Both findings achieved statistical significance (p<0.001).

These data reinforce the idea that sustained complement inhibition may continue slowing disease progression over extended treatment periods.

Safety Profile Remained Consistent in Long-Term Follow-Up

According to Astellas, the open-label extension study demonstrated that IZERVAY remained well tolerated over long-term treatment.

Importantly, investigators reported:

• No new safety signals
• No cases of retinal vasculitis
• No occlusive vasculitis
• No increased risk of intraocular inflammation

The absence of these complications is particularly notable given broader safety concerns historically associated with some intravitreal ophthalmic therapies.
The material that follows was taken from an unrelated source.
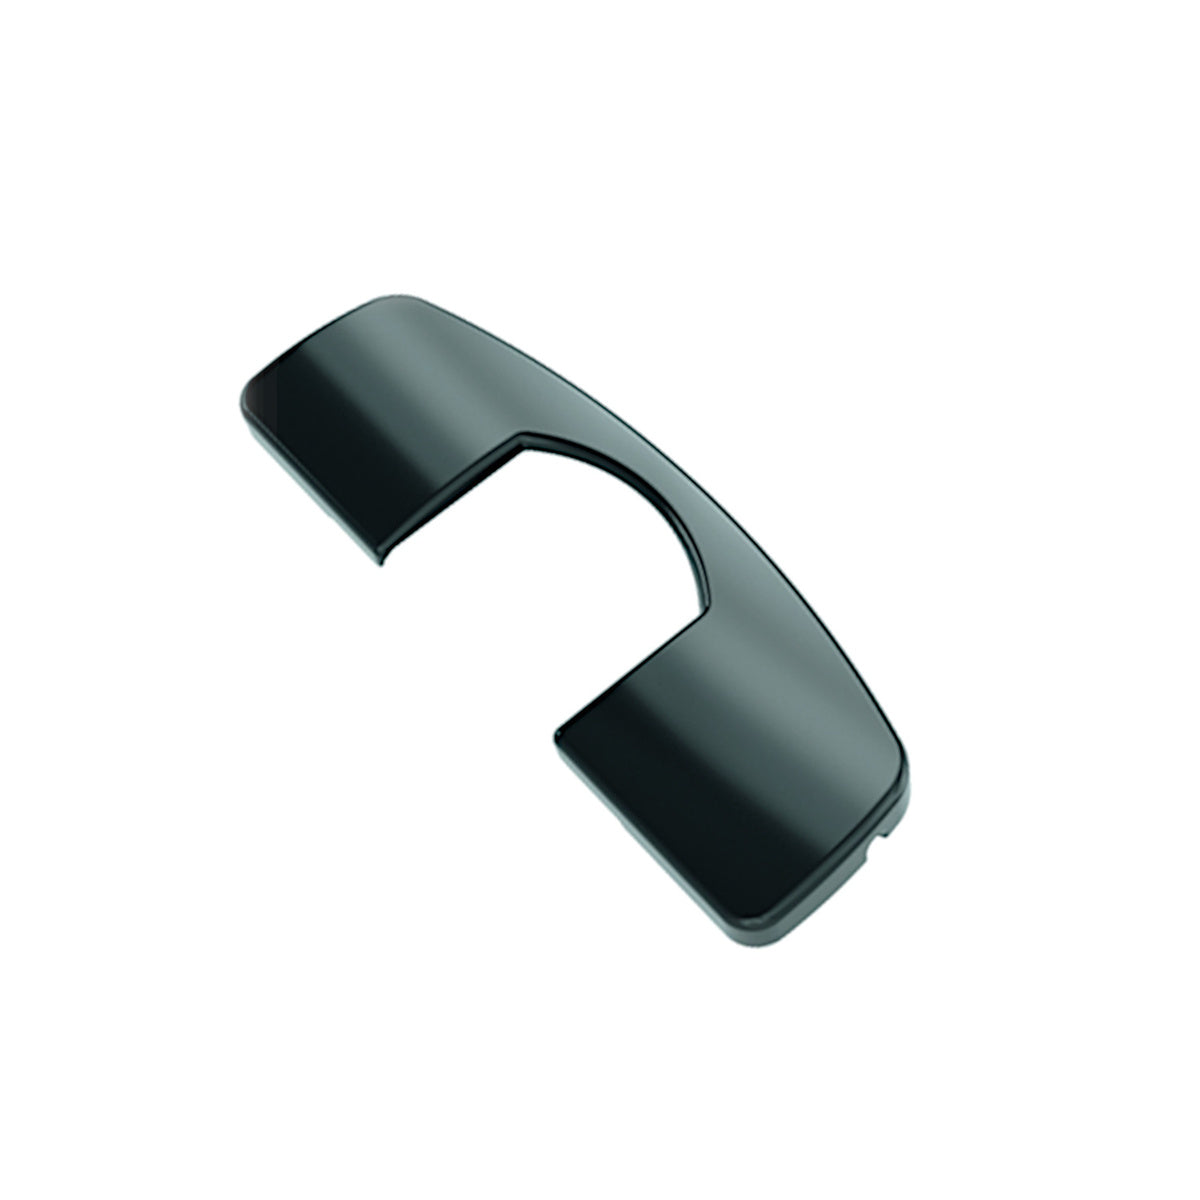 Hettich Cover cap for Sensys hinge arm and cup (embossed with Hettich logo) obsidian black

Experts Highlight the Functional Importance of Vision Preservation

Margaret Chang emphasized that geographic atrophy affects far more than visual acuity measurements alone.

According to Chang, preserving vision-dependent activities such as driving can have a major impact on patient independence and quality of life.

The ability to delay functional decline may therefore become an increasingly important outcome measure in future GA studies.

Understanding IZERVAY and the GATHER Clinical Program

IZERVAY is an intravitreal complement inhibitor approved for the treatment of geographic atrophy in:

• The United States
• Australia
• Macau
• Japan (conditional approval)

The therapy was evaluated in two pivotal Phase 3 studies:

• GATHER1
• GATHER2

Both trials were randomized, double-masked, sham-controlled studies evaluating monthly 2 mg intravitreal administration in patients with GA secondary to AMD.

Combined, the studies included more than 700 patients.

The Expanding Geographic Atrophy Treatment Landscape

The geographic atrophy market has evolved rapidly in recent years as complement-targeting therapies emerge for a disease that previously lacked approved treatment options.

Preserving retinal tissue and slowing lesion expansion remain central therapeutic objectives, but newer analyses are increasingly focusing on real-world functional outcomes such as:

• Driving ability
• Reading performance
• Daily independence
• Vision-related quality of life

The latest IZERVAY data reflects this broader shift toward measuring meaningful patient-centered outcomes alongside anatomical endpoints.

Conclusion

The new ARVO 2026 findings suggest that IZERVAY may help delay functional vision decline in patients with geographic atrophy, including reducing the risk of losing driving eligibility over time.

Combined with encouraging long-term safety and lesion-growth data from the GATHER2 extension study, the results further strengthen the growing body of evidence supporting complement inhibition as a viable strategy for slowing GA progression.

As longer-term studies continue, preserving independence and daily functioning may become just as important as slowing retinal degeneration itself.